Consider a few scenarios:

  • The entitlement of fund members to elect 50 percent of funds' boards introduces a new category of trustees. Organised labour was in the forefront of promoting the amendment but has yet to make full use of it.

    Once it walks through the open door in a big way, and it can only be a matter of time before it does, all sorts of things are in the offing: some real shareholder activism, some acrimony with employer-nominated trustees, of which the Seifsa dispute (TT May and June ‘05) is a foretaste, and some areas of deadlock, say, on the allocation of funds to "social" investments.

    Although trustees are beholden to promote the best interests of their funds, not use them to advance the interests of one stakeholder group at the expense of another, on individual interpretation of "best interests" the whole area of retirement funding can become highly politicised;

  • Trustees are stewards for billions of rand in retirement-fund assets. At least some trustees – old, new and aspiring – simply don't and won't have the wherewithal to act with "due skill and prudence". They're vulnerable to experts in fees and gobbledegook;
  • Any incentive, or any reason, to become a trustee is not easily apparent. Unlike company directors, who're generously remunerated, trustees rarely receive even a token stipend. Like company directors, similarly responsible for huge assets, trustees take on personal liability.

    They're at risk, but (aside from "relationship-building" gifts and hospitality, which can compromise them) they get no reward. What they can get is sued. Yet they're expected to commit weeks for training, days for meetings and more days for preparation.

    Sometimes employers give them all the necessary time, sometimes not. Either way, to take on such commitments voluntarily requires a dose of craziness or an attack of chronic public-spiritedness;

  • Then, having been through the training rigours, they drop out. Predictably, under the circumstances of realising what they've taken on, the level of trustee churn is incredibly and unacceptably high; 
  • Who's to pay for the training? If a course is accredited, employers can claim back part of the fee from their skills-development levies, provided they've paid for the training. The reality is that usually the funds pay for it. Because funds don't pay levies, there's no claim-back;
  • Who's to do the training? Service providers have a wealth of material and knowledge to impart. They also have the motivation to impart it, if not entirely through altruism and goodwill then through the need to shine their images with existing and potential clients.

    There's also the Financial Sector Charter's requirement for institutions annually to invest a minimum of 0,2 percent of taxed operating profits in "consumer education", and specifically to help pension-fund trustees "enhance their understanding of investments".

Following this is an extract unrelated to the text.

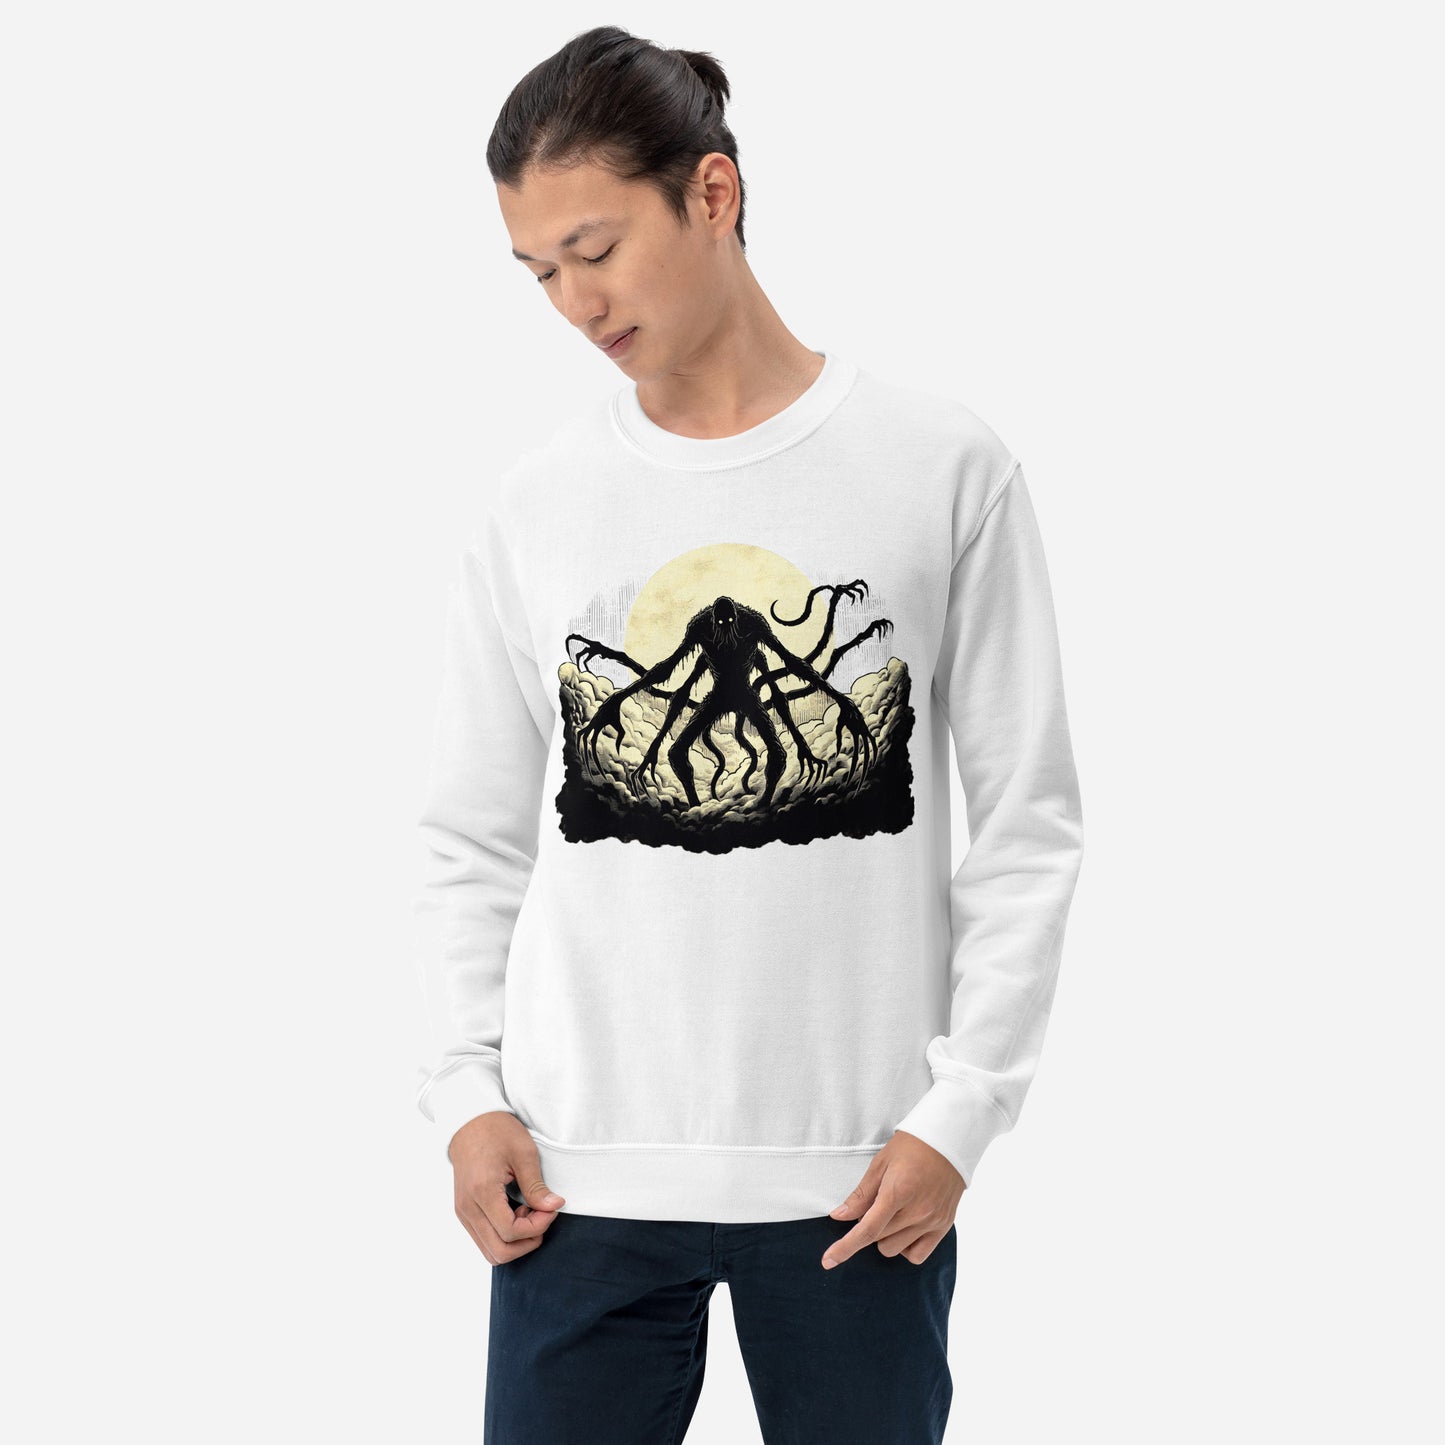 "corvillus" unisex sweatshirt

    But the unions are particularly mistrustful of service providers, seen to be furthering trustee training to further the sale of their products and services. Yet it's criminally wasteful not to take the excellent material freely on offer, screened if need be for objectivity and adapted if required for use on accredited courses. To wait for something better to arrive from bureaucracy is, well, to wait;

  • What, precisely, is "training" to comprise?

    Given the huge differentials in trustees' investment knowledge, it can range from the importance of minute-taking to the intricacies of derivatives.

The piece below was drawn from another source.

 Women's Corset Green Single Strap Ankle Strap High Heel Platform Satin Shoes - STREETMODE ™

    Given the massive swing from defined-benefit to defined-contribution retirement funds, which transfers the investment risk from employers to members, it can range from drafting a statement of investment principles to the appropriateness of an asset-allocation strategy and the complex handling of individual member choice.

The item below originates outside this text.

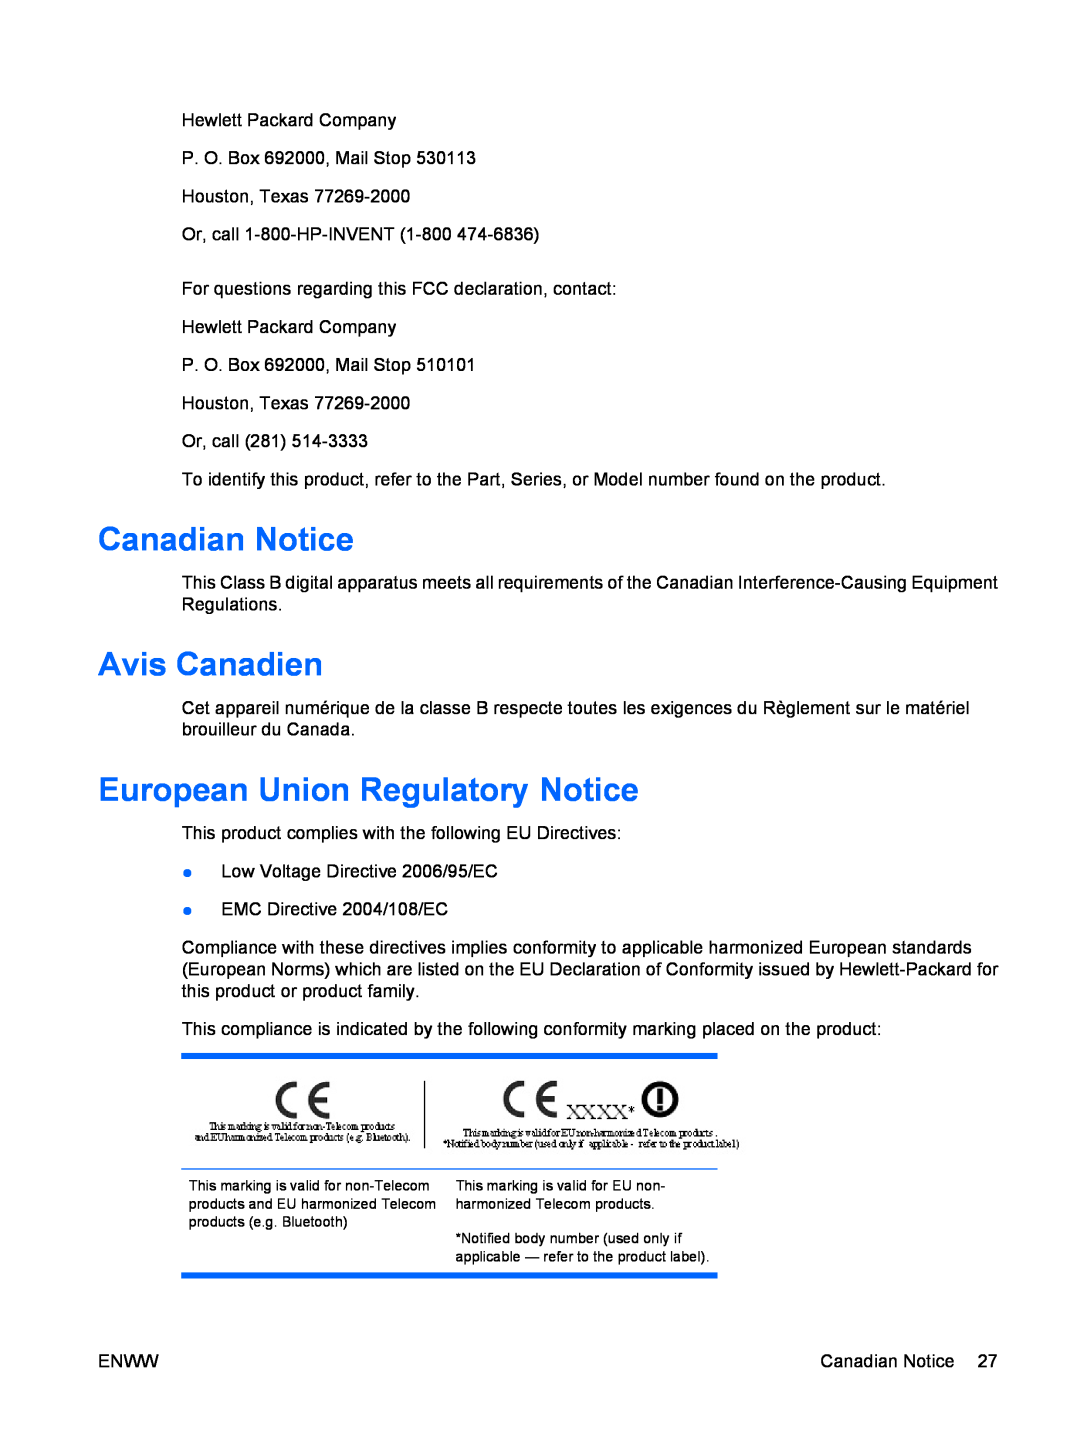 HP CQ1859E manual Canadian Notice, Avis Canadien, European Union Regulatory Notice

    Given the intention of National Treasury to upgrade the standard for judging trustees' conduct from what's expected "of a person in the position of the trustee in question" to "the skills and prudence of persons familiar with the issues", implementation of laudable objectives is all the more formidable.

    There's no way to short-circuit the commitments of time and resources required to meet a priority in the scale of social challenges. Unless competent trustees can prise the whales back into the water, people won't get the best pensions to which their savings entitle them.